Я – идиот. Теперь я стал не нужен. Просто пучок нервов. Неудачник, годящийся лишь для того, чтобы порицать его и выгнать словно отверженного.
Твое время закончилось. Теперь выметайся».
Я остановился перед своим капониром, перед новым Me-109, который должен был быть моим. На фюзеляже была нарисована большая желтая «двойка».
Механик подошел и доложил:
– Все готово к полетам, герр лейтенант.
Минуту я смотрел на него молча, а затем медленно произнес:
– На будущее, Франц, не имеет смысла докладывать мне.
– Я знаю, герр лейтенант. Вы уезжаете. Жалко.
– Почему жалко?
– О, мы так хорошо ладили.
– Это правда. Между прочим, Франц, я не сумел достичь 565 километров в час на моей последней «желтой двойке».
– Я знаю. Этот самолет, который вы видите, не так хорош. Чем дальше мы идем, тем хуже становится техника. Разрыв заклепок, обшивка отполирована ужасно, а двигатель стучит. Я уже вытащил металлические опилки из клапанов. Ваш последний «Мессершмитт» был намного лучше.
– Знаешь, Франц, я все еще задаюсь вопросом, почему я потерпел аварию.
– Так и я, герр лейтенант. Я не перестаю об этом думать. Я думал об этом, когда мы были в Таксеруле. У меня много подозрений, но никаких доказательств.
– Расскажи мне, что знаешь.
– Если вы помните, я получил самолет в мастерских 23 марта, как раз перед полуднем. Сразу после этого пришел приказ на вылет. Двадцать минут спустя вы разбились, не так ли?
– Правильно. Так что?
– В мастерских в Таксеруле работали несколько румын.
– Что из этого?
– Они всегда носили очень заметные красные шарфы.
– Ну и?..
– Я не знаю. У меня нет доказательств. Если бы я смог сам увидеть, что произошло…
– Зачем ты продолжаешь говорить о подозрениях и доказательствах, которых не имеешь? Было бы гораздо лучше, если бы ты искренне сказал мне, что знаешь и что думаешь. Как ты считаешь, почему я разбился?

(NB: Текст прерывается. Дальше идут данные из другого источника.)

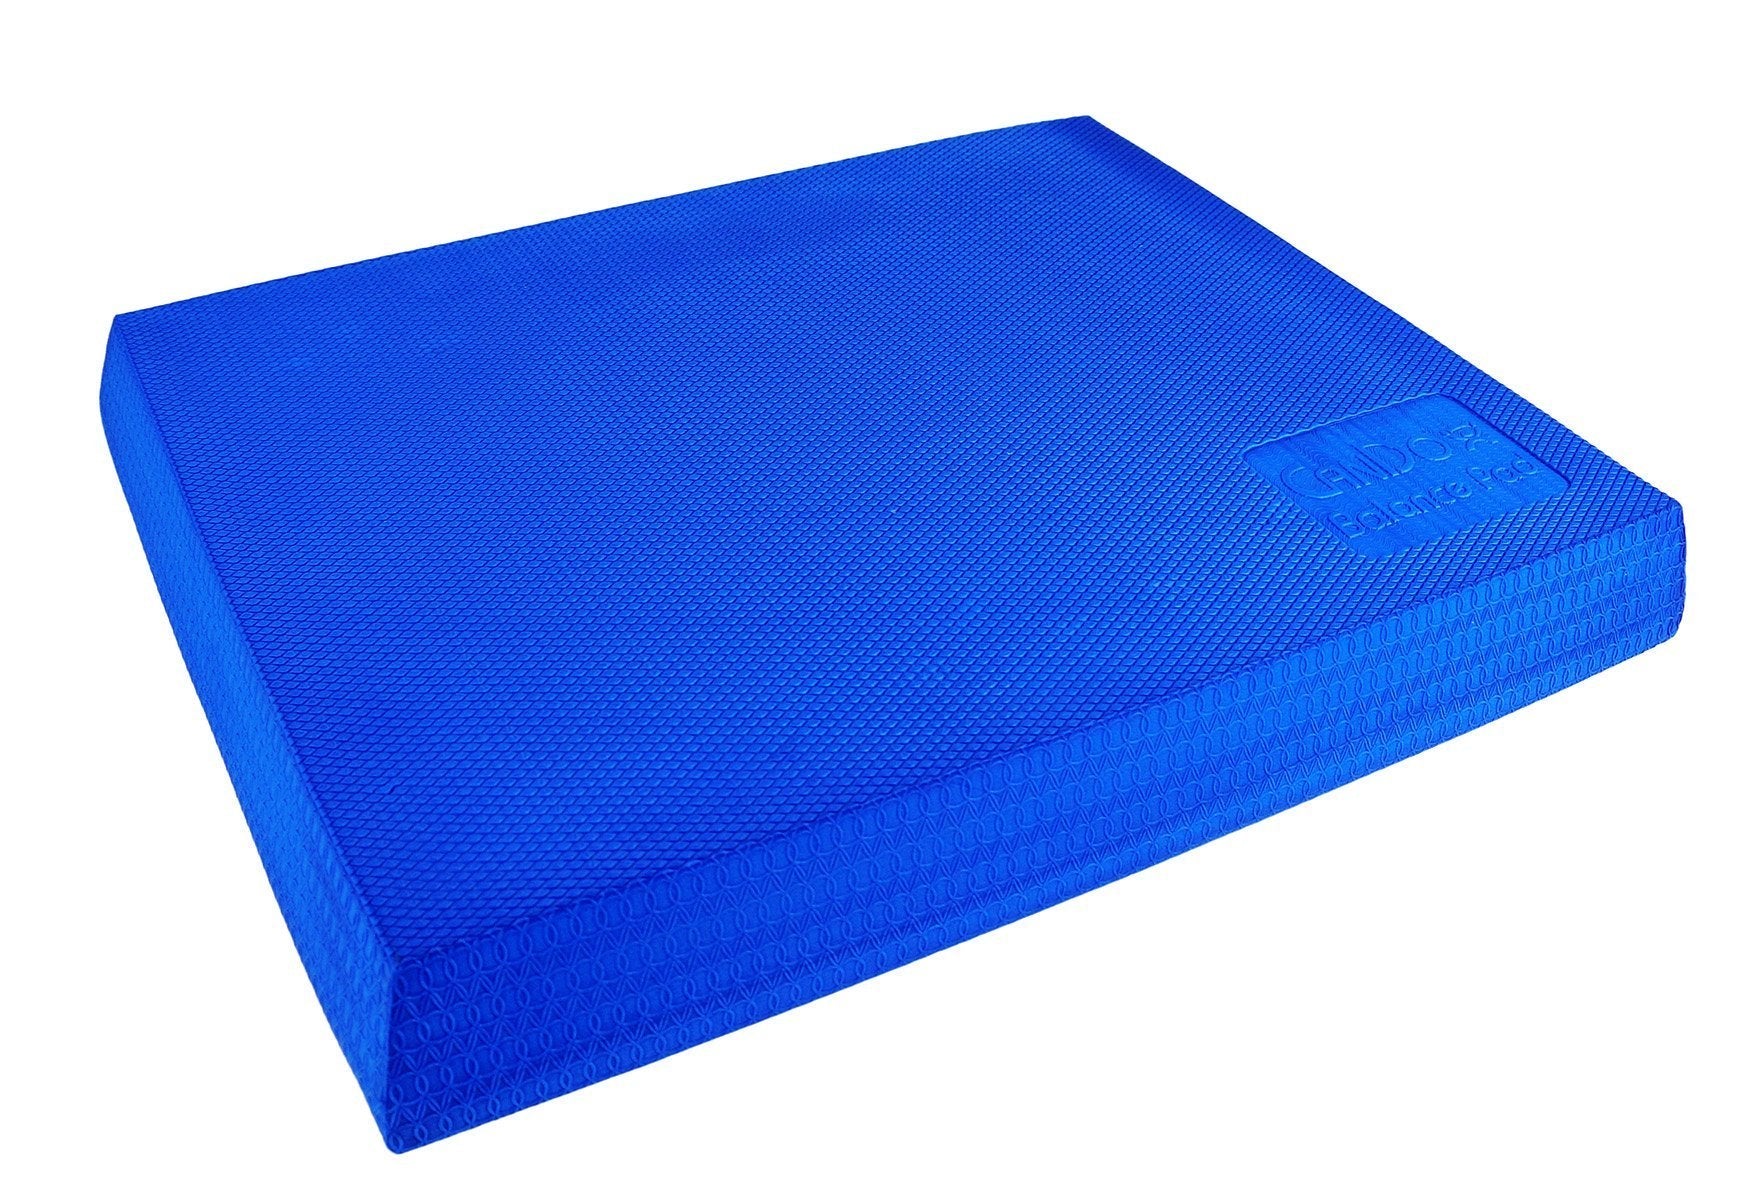 CanDo balance pad, 16 x 20 x 2.5, blue – Gordon Medical

– Диверсия, герр лейтенант, или, иначе, бомба.
Я молчал. Заложив руки за спину, я ходил туда-сюда и тщательно обдумывал это.
Теперь я понял, от чего были тот удар, подбросивший самолет, и та вспышка.
Франц подошел к «Мессершмитту» и открыл люк масляного бака.
– Взгляните, герр лейтенант. Нужно лишь несколько секунд, чтобы поместить под двигатель бомбу размером с ваш кулак. Эти штуки магнитные и прилипают к металлу словно пиявка. Диверсанты устанавливают часовой механизм, закрывают люк. Стрелка поворачивается в течение тридцати минут, а затем неожиданно – бац!